ABOUT THIS TASK: Look below for the line with "Terminator 2: Judgment" and the line with "The Leaders Pocket"; repeat exactly those two lines and all lines between them, but no pictures.

THE DATA:

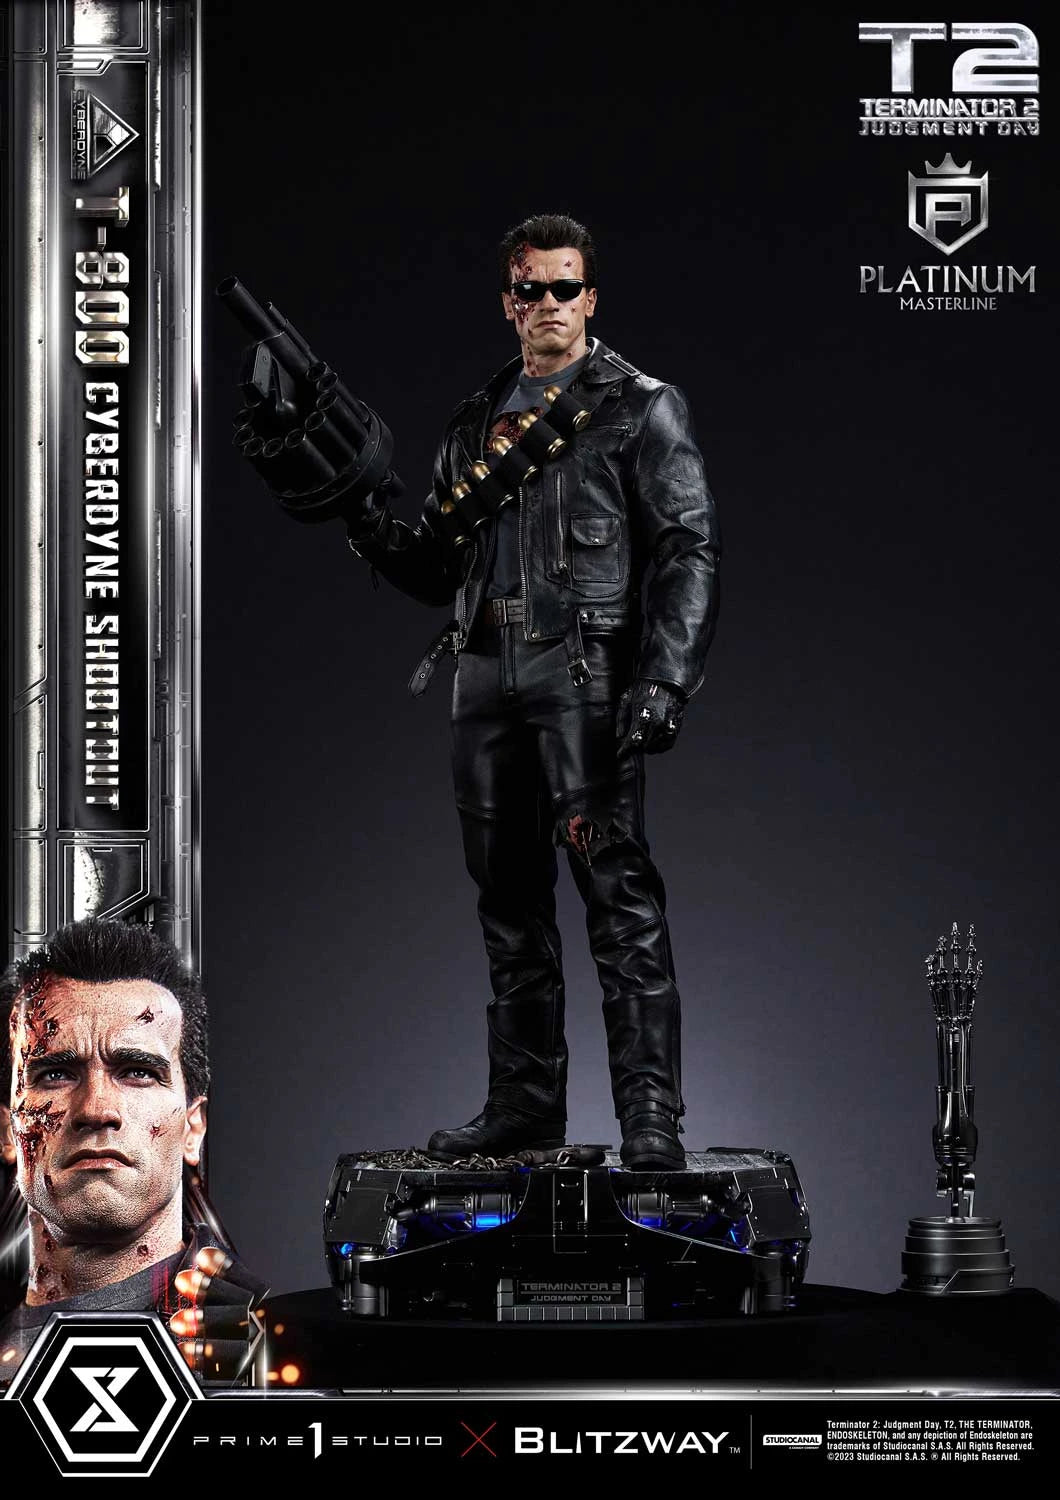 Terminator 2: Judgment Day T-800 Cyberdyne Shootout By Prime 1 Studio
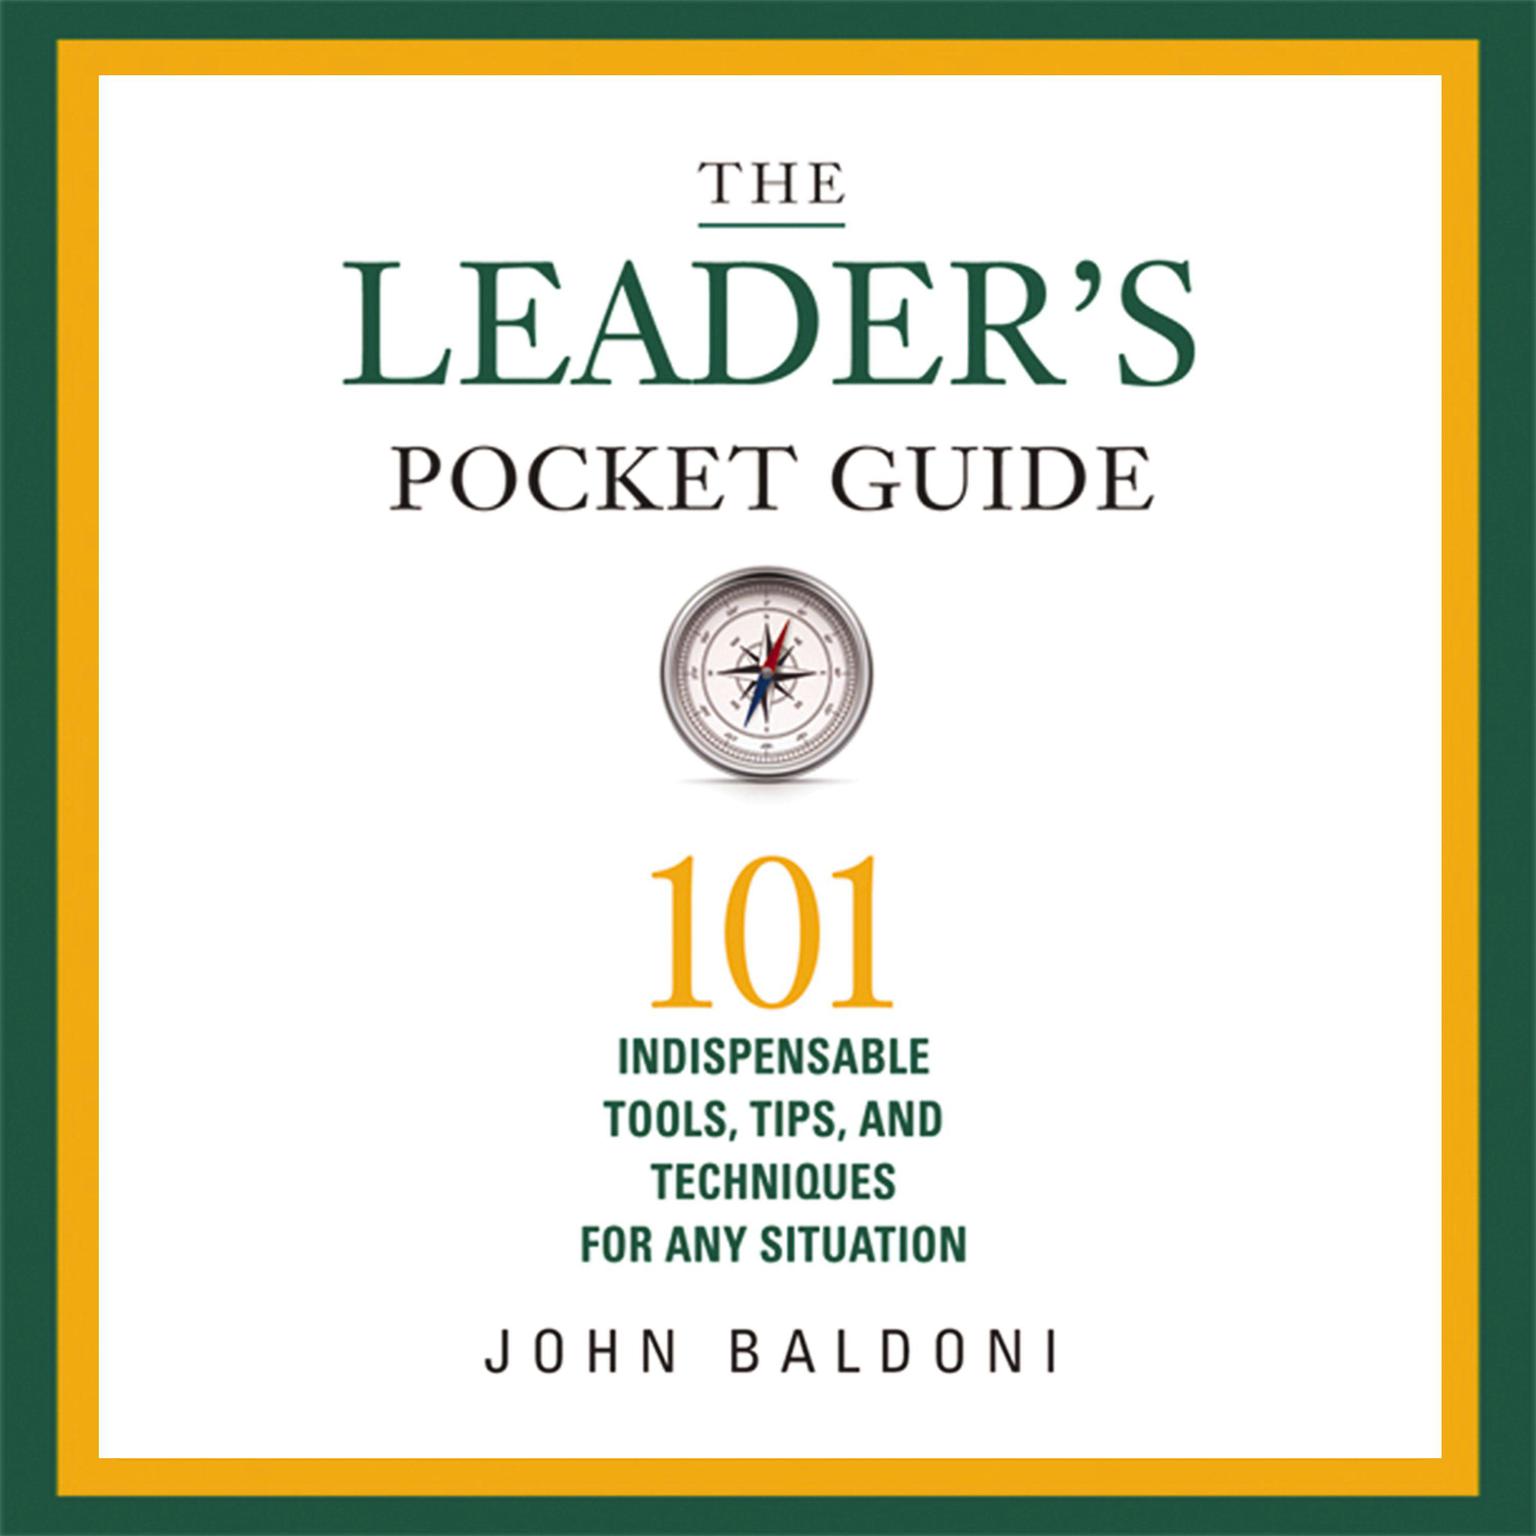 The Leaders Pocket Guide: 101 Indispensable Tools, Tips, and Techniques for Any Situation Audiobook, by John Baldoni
==
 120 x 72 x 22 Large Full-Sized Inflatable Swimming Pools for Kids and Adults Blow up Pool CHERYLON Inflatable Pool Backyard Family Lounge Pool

ANSWER BELOW:
 Terminator 2: Judgment Day T-800 Cyberdyne Shootout By Prime 1 Studio
 The Leaders Pocket Guide: 101 Indispensable Tools, Tips, and Techniques for Any Situation Audiobook, by John Baldoni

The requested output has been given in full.